Белая прокурорская «Нива» тряслась на ухабах, выворачивала на городскую улицу от ханкальской дороги. Водитель еще не набрал скорость, и Золотарев успел рассмотреть двух молодых людей у обочины. Один — высокий, в потертых джинсах; лицо серьезное, больше строгое: щеки впалые, глаза тревожные. Второй — простецкого вида, весь в пыли, под мышкой здоровенная видеокамера.
Высокий голосовал.
Золотарев не сразу разобрал, что это журналисты, — а когда понял, хотел привычно откинуться на сидении и подумать с удовольствием и даже со злорадством, что не достать им его, не замучить вопросами. Но вдруг, будто затмение на него нашло — приказал водителю остановиться. В зеркало прокурор видел, как парни, сорвавшись с места, побежали к машине.
— Нам до Грозного, до Ленинской комендатуры. Довезете? — срывающимся голосом спросил высокий, вцепился в ручку двери, будто прокурорская «Нива» была его последней надеждой.
Юрий Андреич указал кивком головы, чтобы садились назад.
Некоторое время ехали молча. На кочке подлетели, Юрий Андреич обернулся.
— Откуда?
— Из «Независимой», — бодро ответил высокий, оторвавшись от заляпанного грязью окна, — корреспонденты.
— Вижу. А что без пресс-службы, без охраны?
Засопел оператор, шмыгнул носом.
— Неделю просидели в Ханкале, ну там, где наш вагон, знаете? Ни одного репортажа. Никто не везет, только на офисиос, а нам надо отрабатывать, ну, то есть…
— Понятно, Москва крови требует.
Оператор примолк, подозрительно прищурился.
— А вы что, с ФСБ или прокуратуры?
— Угадал. Золотарев Юрий Андреевич, прокурор Грозного. С кем имею честь?
Оператор пихнул высокого в бок.
— Я ж говорю наши. Пестиков я, Олег, а это кор… Вязенкин Григорий. Да вы не волнуйтесь, мы ничего такого фнимать не собираемся. Посмотреть. В Ленинке комендант… Я его с Шатоя знаю с двухтысячного. В горной комендатуре ждали погоду… «вертушку». Нормальный мужик. Колмогоров Евгений Борифыч.
Не сдержался Золотарев.
— Паршивая у вас работа, гнилая, лезете везде, лезете… — прокурор не нашел еще что сказать. Зашумела рация.
— Закон на связи.
На заднем сидении притихли. Рация хрипела чьим-то встревоженным голосом:
— На пересечении улиц … обнаружен труп женщины. Огнестрельное… затылочной области. Сообщил Роща. Нашли во время спецуры. Выдвигаюсь с группой.

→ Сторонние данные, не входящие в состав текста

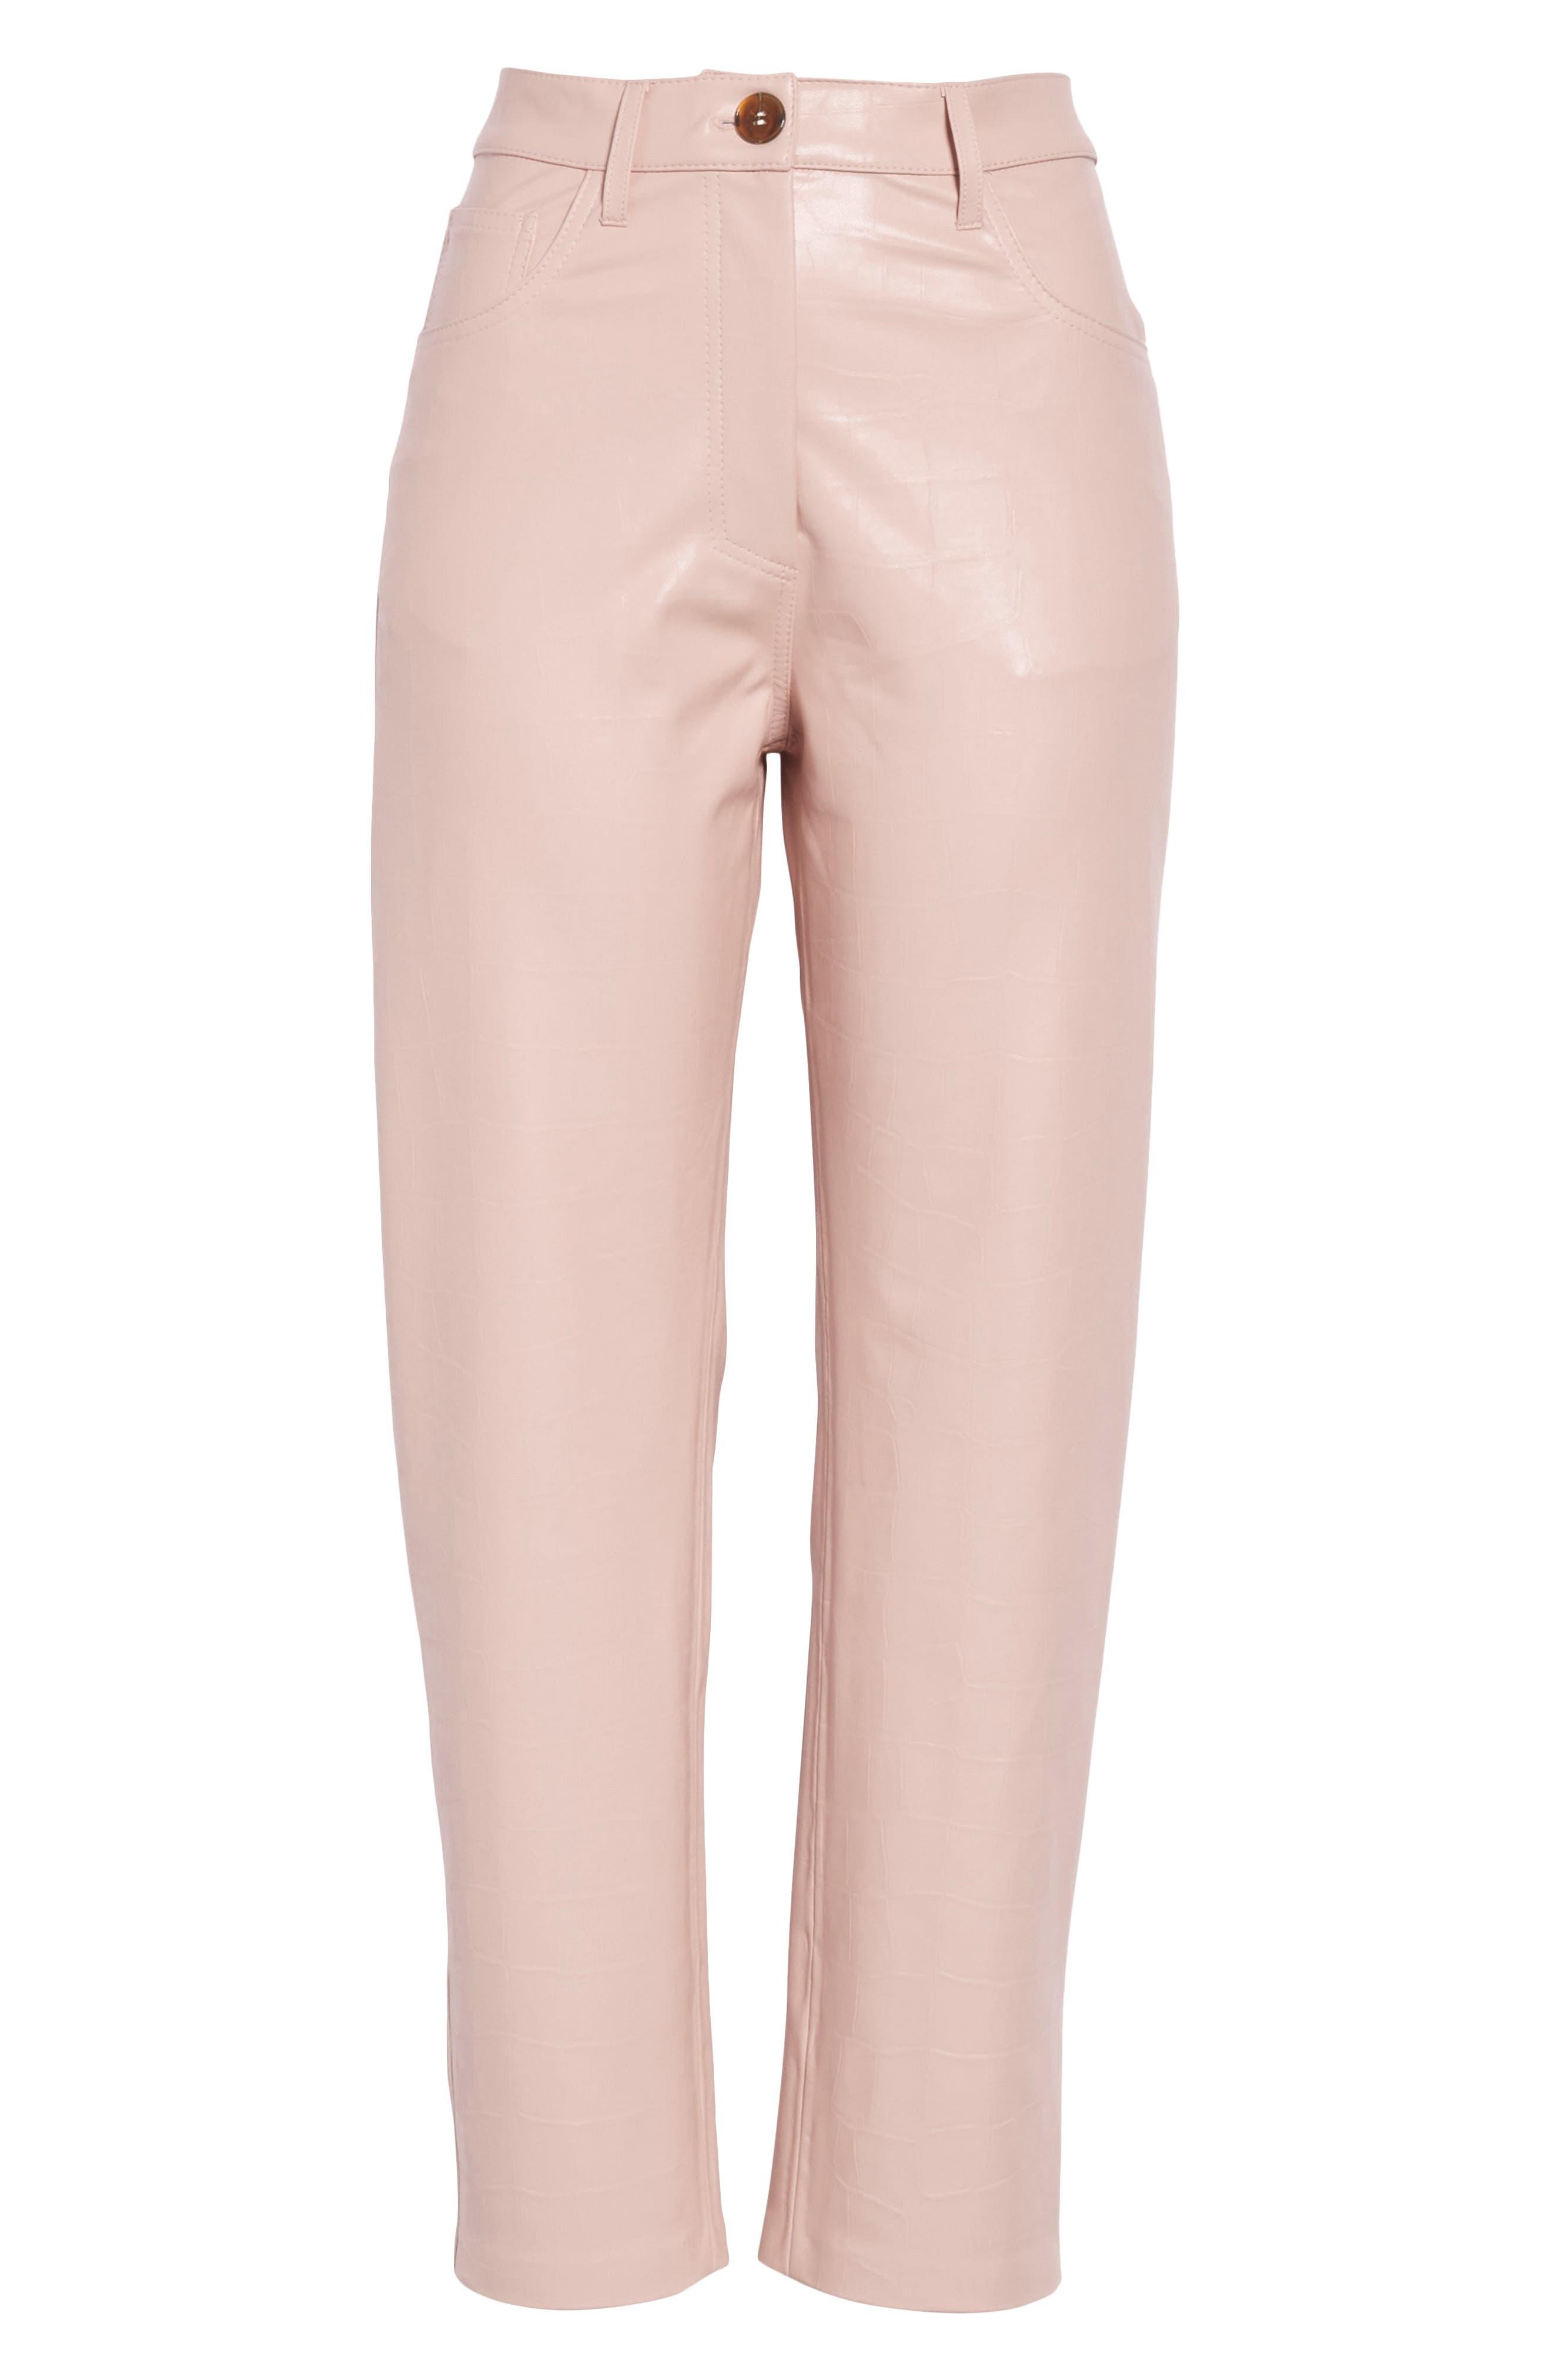 Ivy Faux Leather Straight Leg Pants,                             Alternate thumbnail 6, color,                             BLUSH

Золотарев подумал: не бывает в жизни бестолковых случайностей, всякая случайность закономерна. Сколько он докладывал, сколько требовал обратить внимание, среагировать должным образом. Но будто в пустоту слова. Не слышит никто — ни здесь, ни там наверху. Здесь-то, может, и понимают — но что ты сделаешь с этим городом, с этим временем? Проклятое время, проклятое!.. Пять старух за месяц, пять старушенций нищих: ботинки войлочные, черные ладони — и дырка в затылке. Одна рука, одно племя, одно зло метит жертвы. Но видно не пришло время платить. А приде-ет!.. Это-то Золотарев знает по собственному прокурорскому опыту.
Трясется «Нива» на ухабах. Хлюпает носом шепелявый оператор.
Да — он не любит журналистов. Ну и что с того. Пусть, как говорится, отрабатывают свой хлеб.
— Извините, Юрь Андреич, а можно нам… ну на место… с вами?
— Я ж говорю, крови.
— Да я не в том смысле, — смутился корреспондент Вязенкин.
По дороге они и встряли… Омоновцы, отцепив район, посоветовали переждать немного на пятачке под охраной, — у дома уже работают спецы, — от греха подальше перекантоваться минут несколько. Оператор выбрался из «Нивы», и пока Золотарев выяснял, что да почем, уже наводил свою камеру на омоновские спины, бэтер с саперами и кричащую толпу у подъезда.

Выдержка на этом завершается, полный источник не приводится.